🤖 AI Summary
This study investigates whether distinct syntactic agreement relations—such as subject–verb, anaphoric, and determiner–noun agreement—share neural representations in large language models (LLMs). Using a functional localization approach, we systematically identify and causally intervene on the most responsive neural units for 67 English syntactic phenomena across seven open-source LLMs; cross-lingual experiments extend to English, Russian, Chinese, and 57 additional languages. Results demonstrate significant overlap in neural unit activation across agreement types; this shared representation pattern exhibits robust cross-linguistic generalization, and the degree of neural sharing correlates positively with typological structural similarity among languages.

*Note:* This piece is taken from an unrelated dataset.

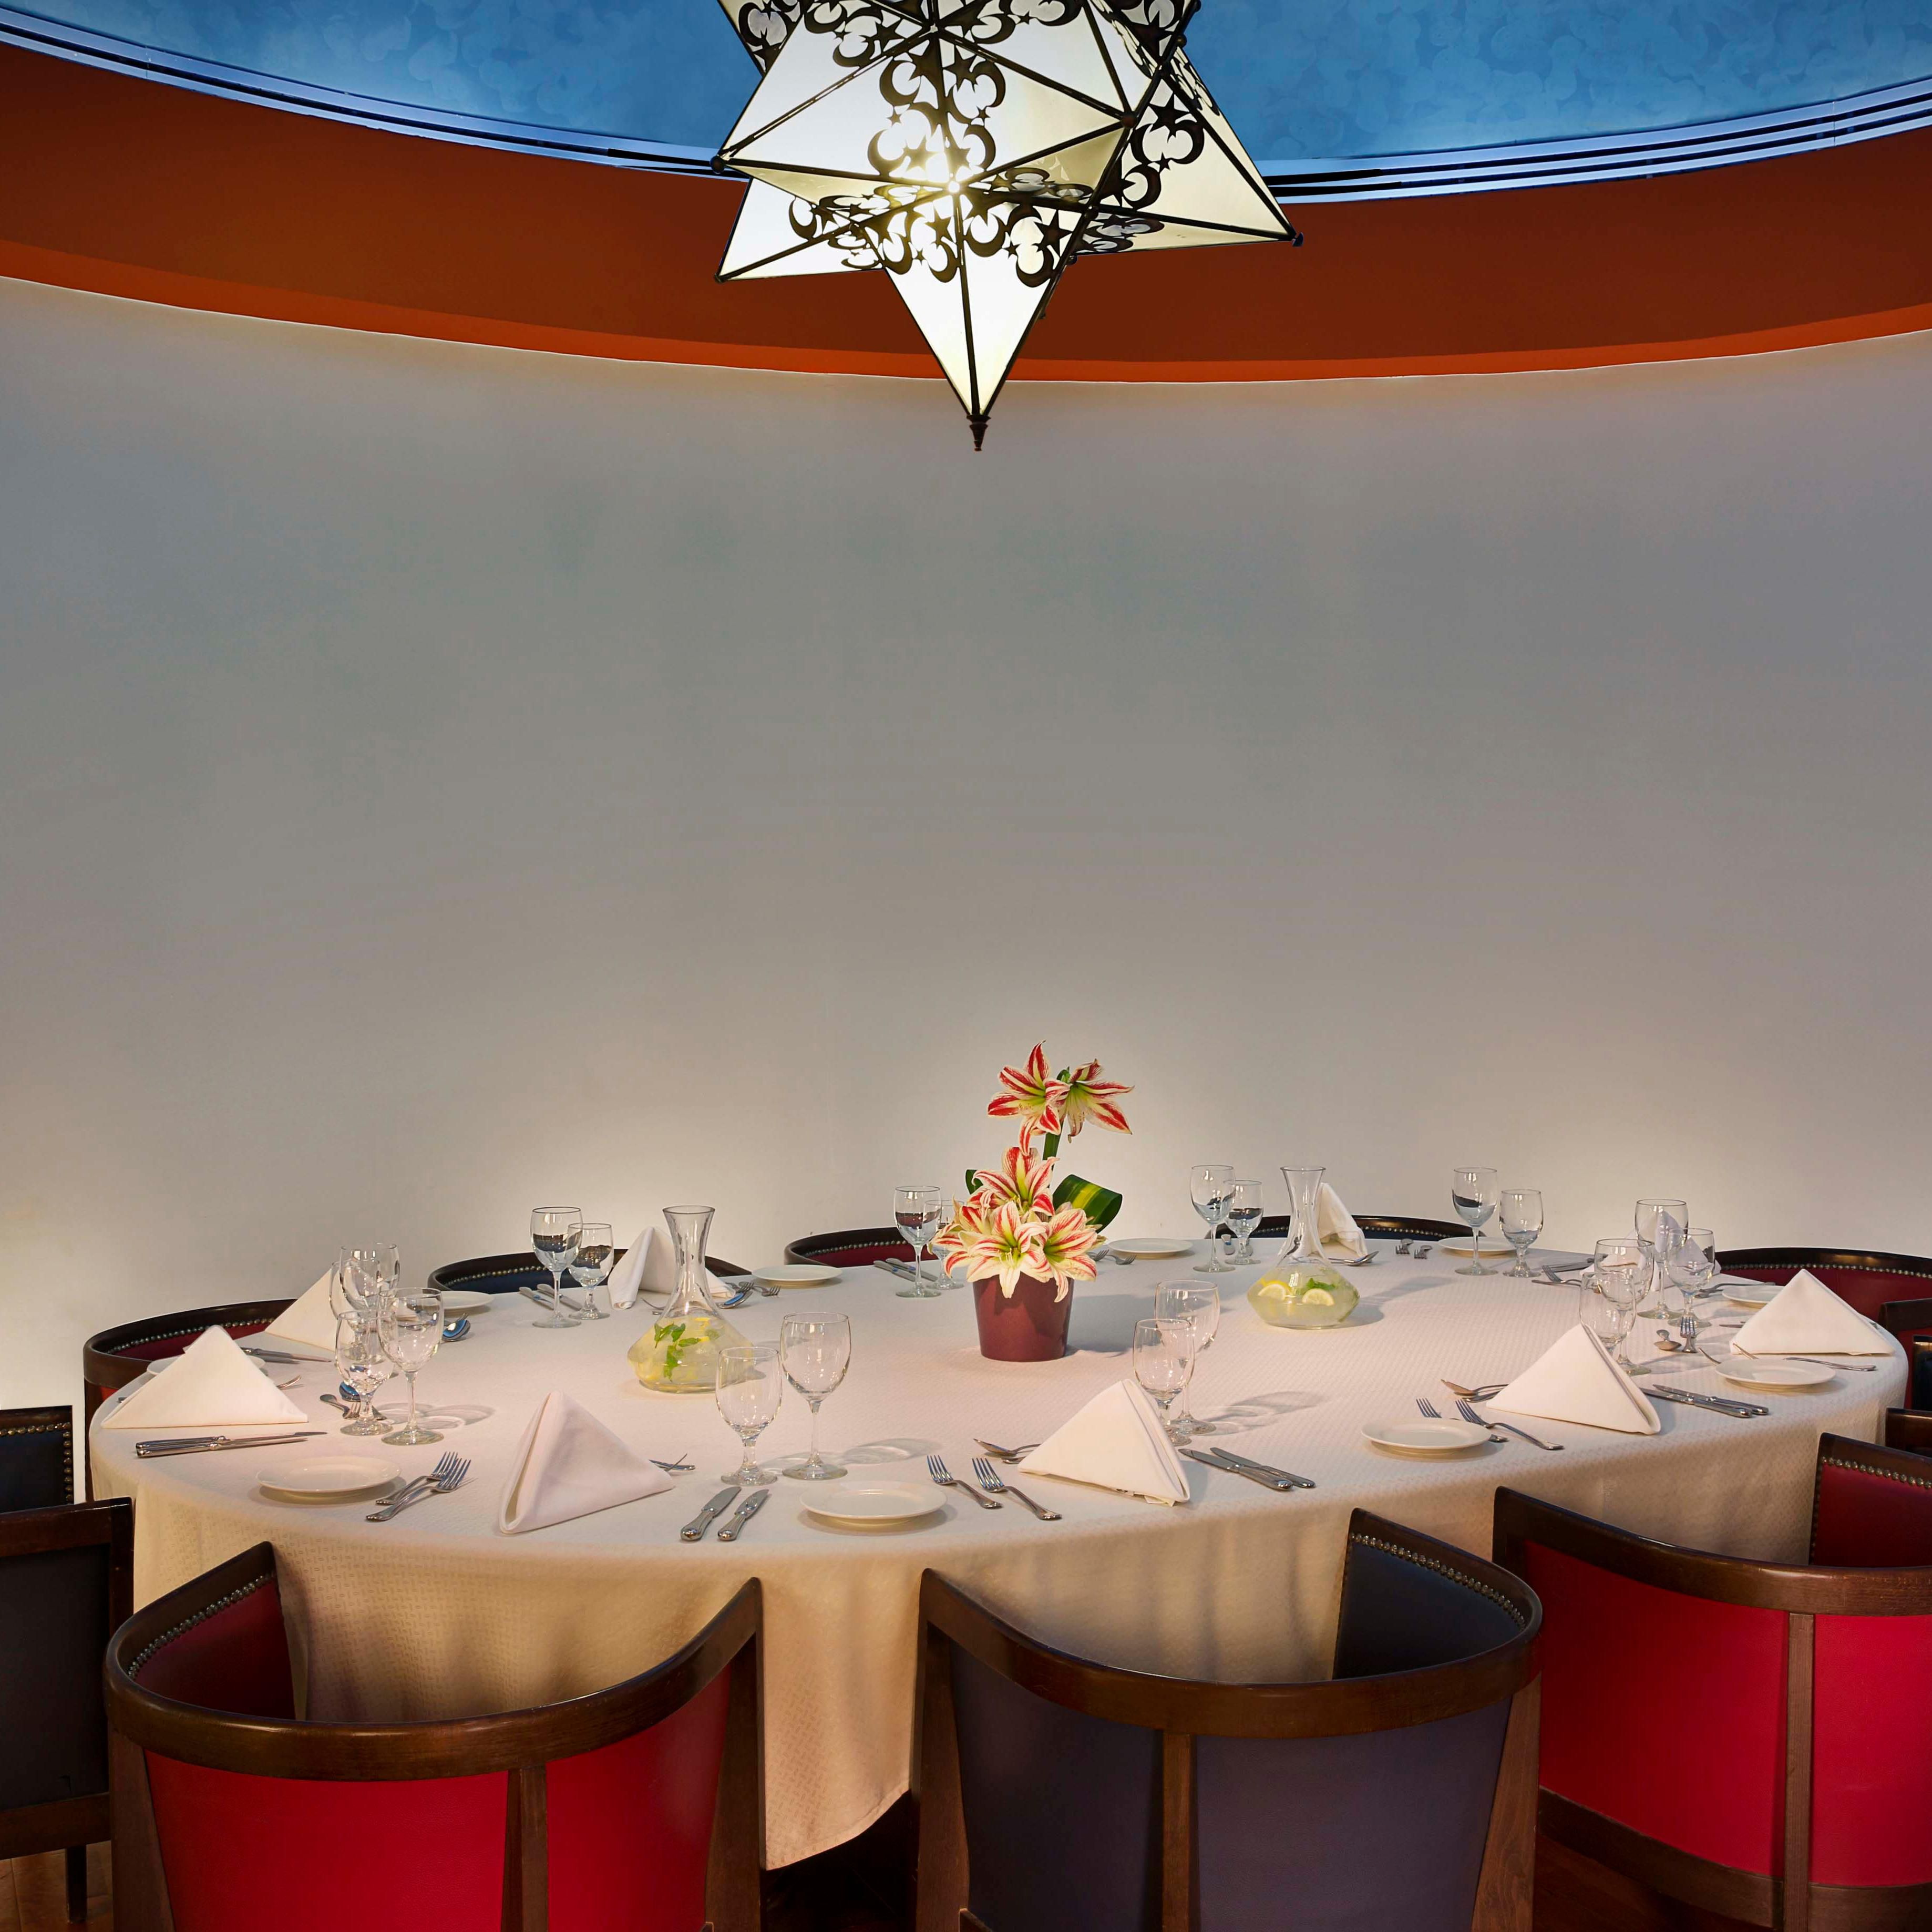 A private dining experience for special occasions

The work provides the first direct causal evidence that syntactic knowledge in LLMs is encoded in a distributed, structure-sensitive manner—revealing syntactic agreement as a functional category within the model’s representational space.
📝 Abstract
Large language models (LLMs) can reliably distinguish grammatical from ungrammatical sentences, but how grammatical knowledge is represented within the models remains an open question. We investigate whether different syntactic phenomena recruit shared or distinct components in LLMs. Using a functional localization approach inspired by cognitive neuroscience, we identify the LLM units most responsive to 67 English syntactic phenomena in seven open-weight models. These units are consistently recruited across sentences containing the phenomena and causally support the models'syntactic performance. Critically, different types of syntactic agreement (e.g., subject-verb, anaphor, determiner-noun) recruit overlapping sets of units, suggesting that agreement constitutes a meaningful functional category for LLMs. This pattern holds in English, Russian, and Chinese; and further, in a cross-lingual analysis of 57 diverse languages, structurally more similar languages share more units for subject-verb agreement. Taken together, these findings reveal that syntactic agreement-a critical marker of syntactic dependencies-constitutes a meaningful category within LLMs'representational spaces.